Morrison Facilities Services was a United Kingdom-based company that specialised in providing facilities services to private businesses and central and local government bodies. The core area of the business was repair and maintenance of social housing. It was a subsidiary of Anglian Water Group until acquired by Mears Group in 2012.

History
Morrison Construction was founded by the Morrison family in 1948 in Tain, Scotland. In the 1980s, 80% of the company was sold to Charter Consolidated, with the Morrison family retaining 20% of the ownership. In 1989, the Morrison family repurchased the 80% of the business sold to Charter Consolidated earlier that decade, and also acquired the businesses of Biggs Wall and Shand Construction. In 1994, Morrison Construction plc was listed on the London Stock Exchange. 
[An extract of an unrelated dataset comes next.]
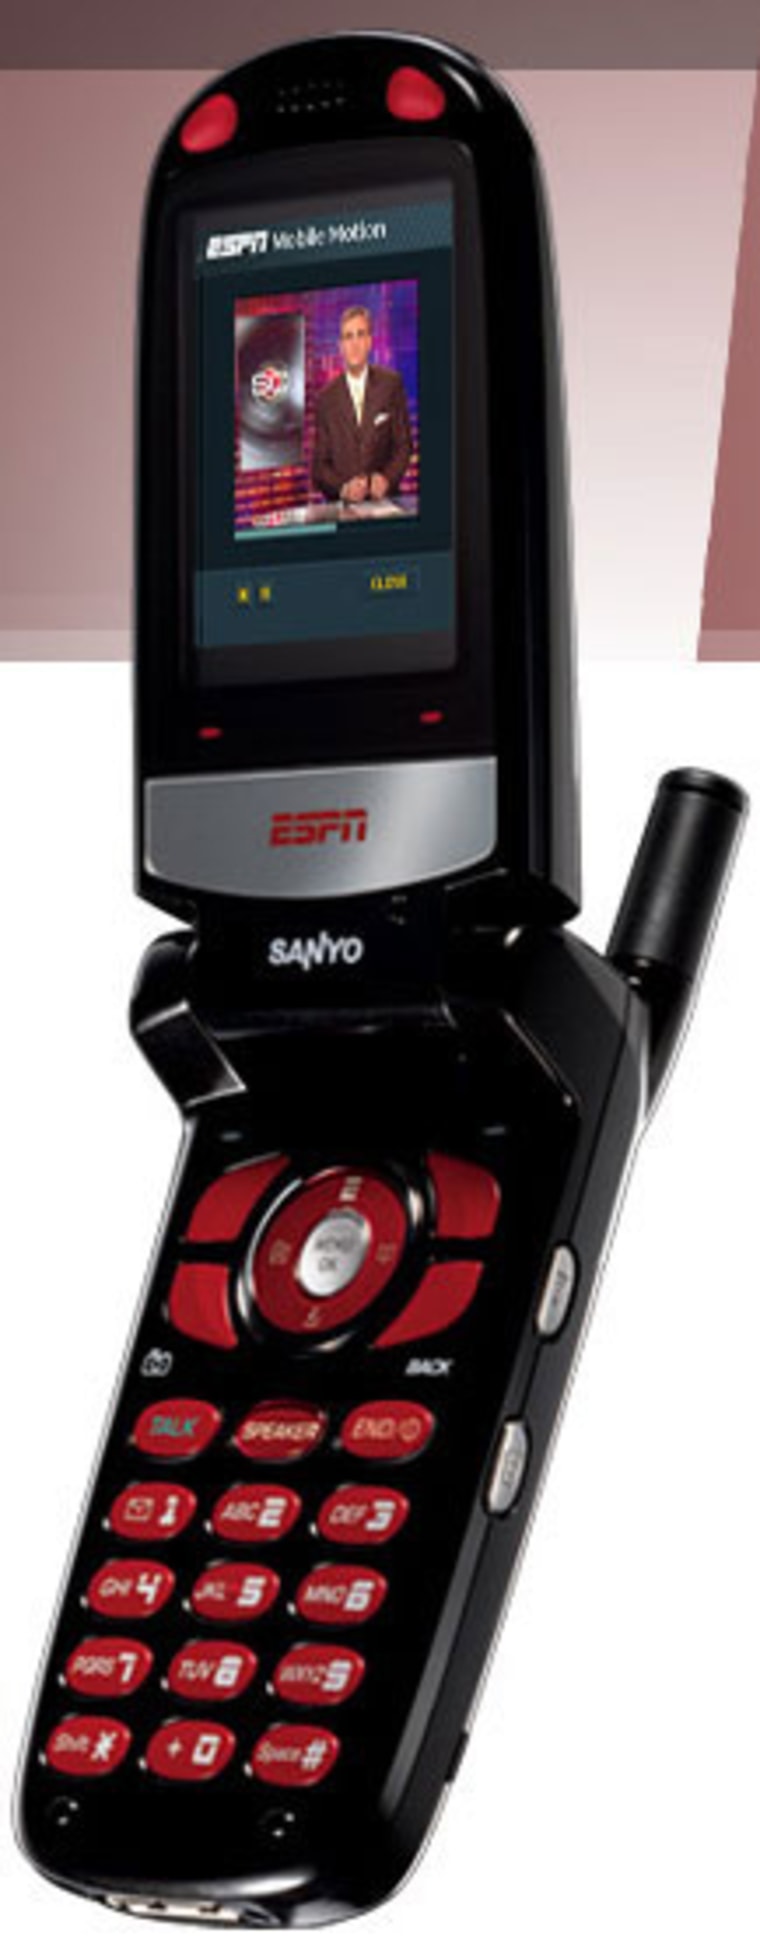 The Mobile ESPN phone is a stunning Sanyo phone in black with red highlights.
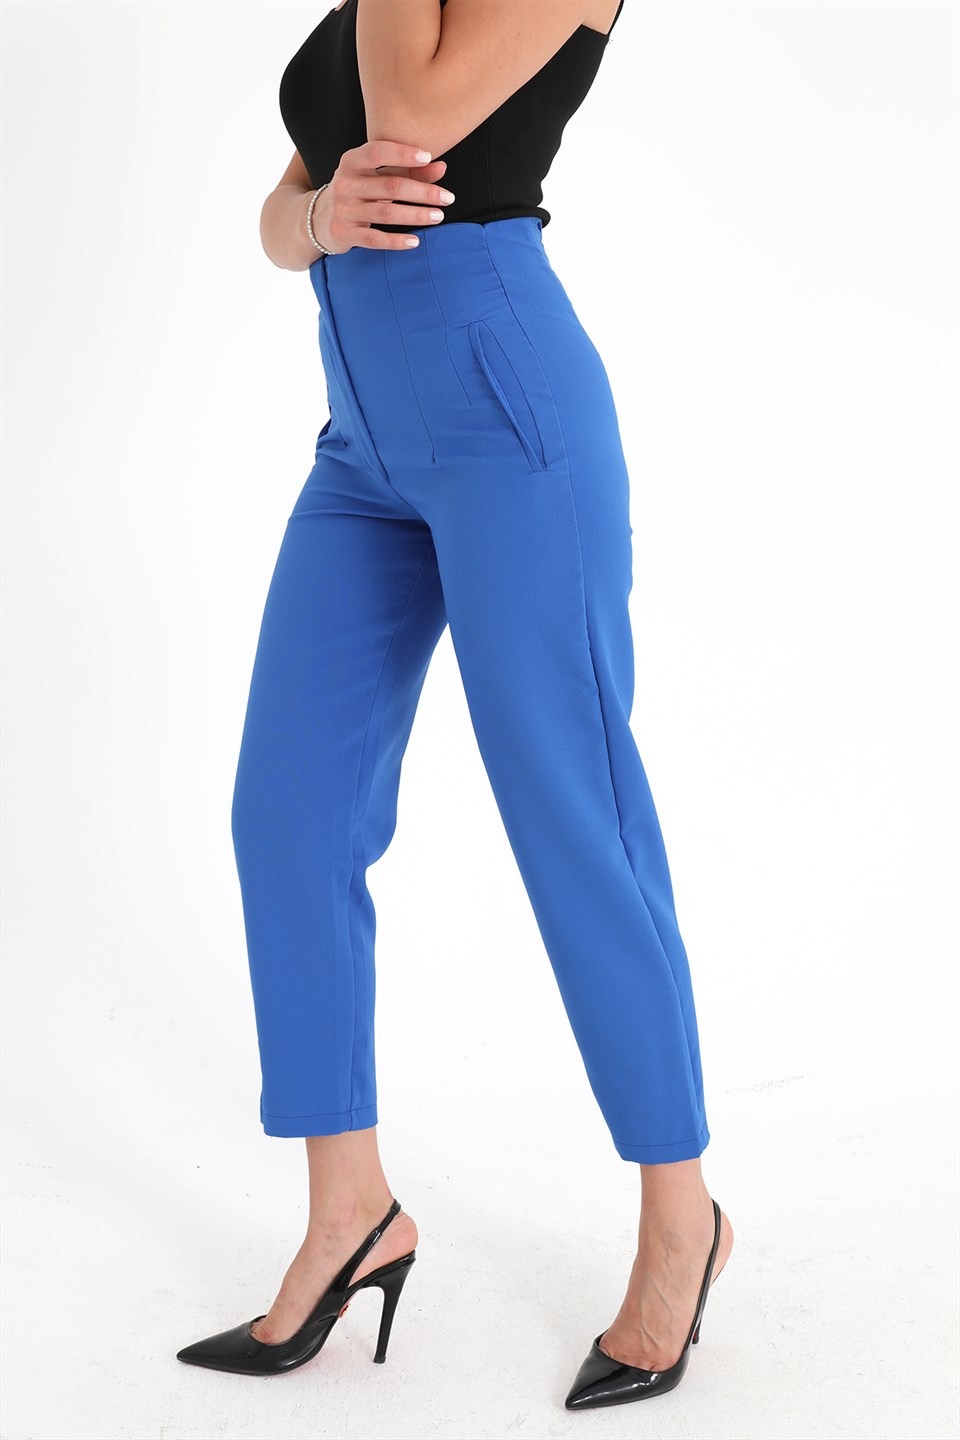 Women's High Waist Stretched Atlas Fabric Trousers - Sax Blue - STREETMODE™

In 2000, Morrison Construction was purchased by AWG Plc (Morrison Construction was delisted). In 2006, the construction division of the business was sold to Galliford Try. The remainder of the business was split into two divisions, Morrison Facilities Services and Morrison Utilities Services, and in 2008, AWG sold the Utility Services division to two private equity firms, Cognetas and Englefield Capital, for £235 million.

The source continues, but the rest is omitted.